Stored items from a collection
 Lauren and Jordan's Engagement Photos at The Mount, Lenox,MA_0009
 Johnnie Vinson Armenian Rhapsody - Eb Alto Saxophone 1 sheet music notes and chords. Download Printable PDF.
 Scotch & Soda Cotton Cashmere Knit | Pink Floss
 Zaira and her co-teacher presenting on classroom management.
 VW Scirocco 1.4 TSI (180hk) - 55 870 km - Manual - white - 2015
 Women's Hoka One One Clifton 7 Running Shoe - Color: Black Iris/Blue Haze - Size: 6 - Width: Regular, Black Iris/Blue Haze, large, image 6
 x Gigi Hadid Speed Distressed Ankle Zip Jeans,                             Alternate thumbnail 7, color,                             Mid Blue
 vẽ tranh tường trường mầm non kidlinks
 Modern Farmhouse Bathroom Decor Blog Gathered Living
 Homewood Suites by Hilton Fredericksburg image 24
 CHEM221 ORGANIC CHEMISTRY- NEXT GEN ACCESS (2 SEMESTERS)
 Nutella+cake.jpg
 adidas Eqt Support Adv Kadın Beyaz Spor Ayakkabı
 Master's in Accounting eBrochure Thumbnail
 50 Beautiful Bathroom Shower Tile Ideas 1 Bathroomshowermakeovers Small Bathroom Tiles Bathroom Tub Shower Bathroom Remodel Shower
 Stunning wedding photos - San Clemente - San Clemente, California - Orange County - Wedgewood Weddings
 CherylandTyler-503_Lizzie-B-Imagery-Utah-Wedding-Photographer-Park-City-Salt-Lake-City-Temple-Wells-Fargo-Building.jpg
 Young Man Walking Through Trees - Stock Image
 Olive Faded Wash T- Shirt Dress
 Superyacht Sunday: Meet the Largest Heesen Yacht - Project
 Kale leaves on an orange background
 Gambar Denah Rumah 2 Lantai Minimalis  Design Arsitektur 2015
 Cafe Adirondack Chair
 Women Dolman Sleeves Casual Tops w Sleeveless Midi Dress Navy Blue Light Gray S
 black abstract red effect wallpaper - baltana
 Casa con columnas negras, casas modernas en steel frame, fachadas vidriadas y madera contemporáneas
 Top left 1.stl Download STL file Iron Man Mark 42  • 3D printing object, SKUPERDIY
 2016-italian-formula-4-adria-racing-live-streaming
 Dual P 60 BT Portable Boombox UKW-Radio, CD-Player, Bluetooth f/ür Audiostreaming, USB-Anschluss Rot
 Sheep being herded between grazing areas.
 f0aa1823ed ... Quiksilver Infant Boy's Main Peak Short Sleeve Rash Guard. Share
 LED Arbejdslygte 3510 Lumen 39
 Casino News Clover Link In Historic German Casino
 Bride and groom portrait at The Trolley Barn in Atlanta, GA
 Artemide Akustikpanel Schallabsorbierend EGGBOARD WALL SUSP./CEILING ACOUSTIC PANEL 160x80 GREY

WHAT IS REQUIRED
Look through the records above for the string "Download", then copy every line that has it.

TASK SOLUTION
 Johnnie Vinson Armenian Rhapsody - Eb Alto Saxophone 1 sheet music notes and chords. Download Printable PDF.
 Top left 1.stl Download STL file Iron Man Mark 42  • 3D printing object, SKUPERDIY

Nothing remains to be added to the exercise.